BabelStone Han was created by merging the "AR PL Mingti2L Big5" font (13,068 CJK Unified Ideographs) and "AR PL SungtiL GB" font (6,763 CJK Unified Ideographs), which were both released by Arphic Technology (文鼎科技) in 2001 under the original Arphic Public License [see below]. The merged font, comprising 14,907 CJK Unified Ideographs, was then converted to Unicode mappings, and has since been expanded to provide full coverage of all characters in the main CJK block (URO), full coverage of CJK Extensions A, D, and I, and partial coverage of CJK Extensions B, C, E, F, G, and H. The original CJK glyphs have been modified where appropriate to match the G-source glyphs given in the Unicode code charts.

This font is under continuous development, as tens of thousands of additional CJK ideographs are scheduled for inclusion in Unicode over then next few years. I intend to add as many of these new characters to BabelStone Han as I can, but I will never be able to include anywhere near all the CJK ideographs that have been and will be added to Unicode, so I am concentrating on G-source additions (i.e. characters used in China). However, if there are any characters that you would like to have added to BabelStone Han urgently just let me know (email) and I will try to fast-track their inclusion in the font. Please also let me know if you notice any glyph errors.
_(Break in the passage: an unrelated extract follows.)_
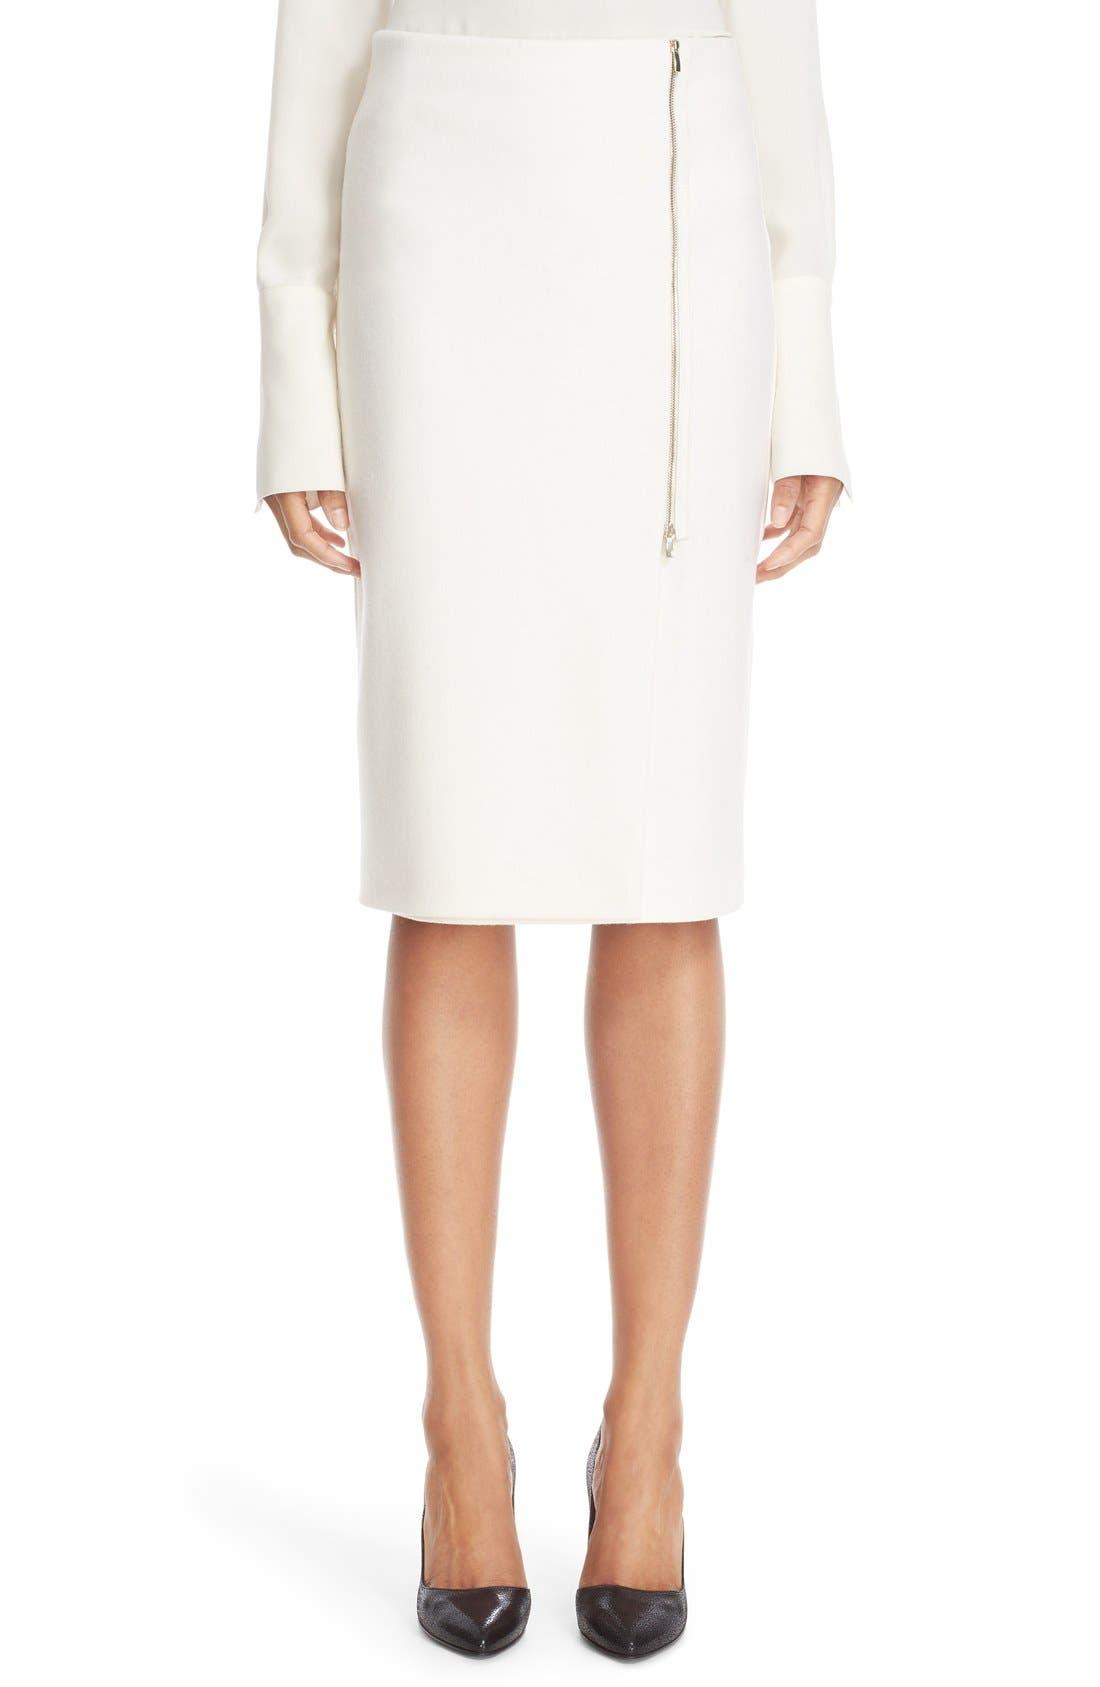 Main Image - Max Mara 'Visita' Wool Jersey Pencil Skirt

Summary of Coverage of CJK Unified Ideographs in BabelStone Han
Unicode Block Total Coverage G-Source Coverage
Characters Percentage Characters Percentage
CJK Unified Ideographs20,992 / 20,992100%20,933 / 20,933100%
CJK Unified Ideographs Extension A6,592 / 6,592100%6,197 / 6,197100%
CJK Unified Ideographs Extension B16,839 / 42,72039.4%13,355 / 30,55043.7%
CJK Unified Ideographs Extension C2,267 / 4,15454.5%1,130 / 1,130100%
CJK Unified Ideographs Extension D222 / 222100%78 / 78100%
CJK Unified Ideographs Extension E3,449 / 5,76259.8%2,369 / 2,82283.9%
CJK Unified Ideographs Extension F3,177 / 7,47342.5%1,309 / 1,309100%
CJK Unified Ideographs Extension G3,454 / 4,93969.9%1,331 / 2,08263.9%
CJK Unified Ideographs Extension H2,379 / 4,19256.7%829 / 829100%
CJK Unified Ideographs Extension I622 / 622100%622 / 622100%
CJK Compatibility Ideographs12 / 12100%12 / 12100%
Total60,005 / 97,68061.4%48,165 / 66,56472.4%

BabelStone Han supports 48,165 out of the 66,564 CJK unified ideographs with a G-source (China) reference. A summary of the remaining 18,399 G-source characters that are not yet available in the font is given in the table below. The 294 GZ characters should be completed in the next major release of BabelStone Han.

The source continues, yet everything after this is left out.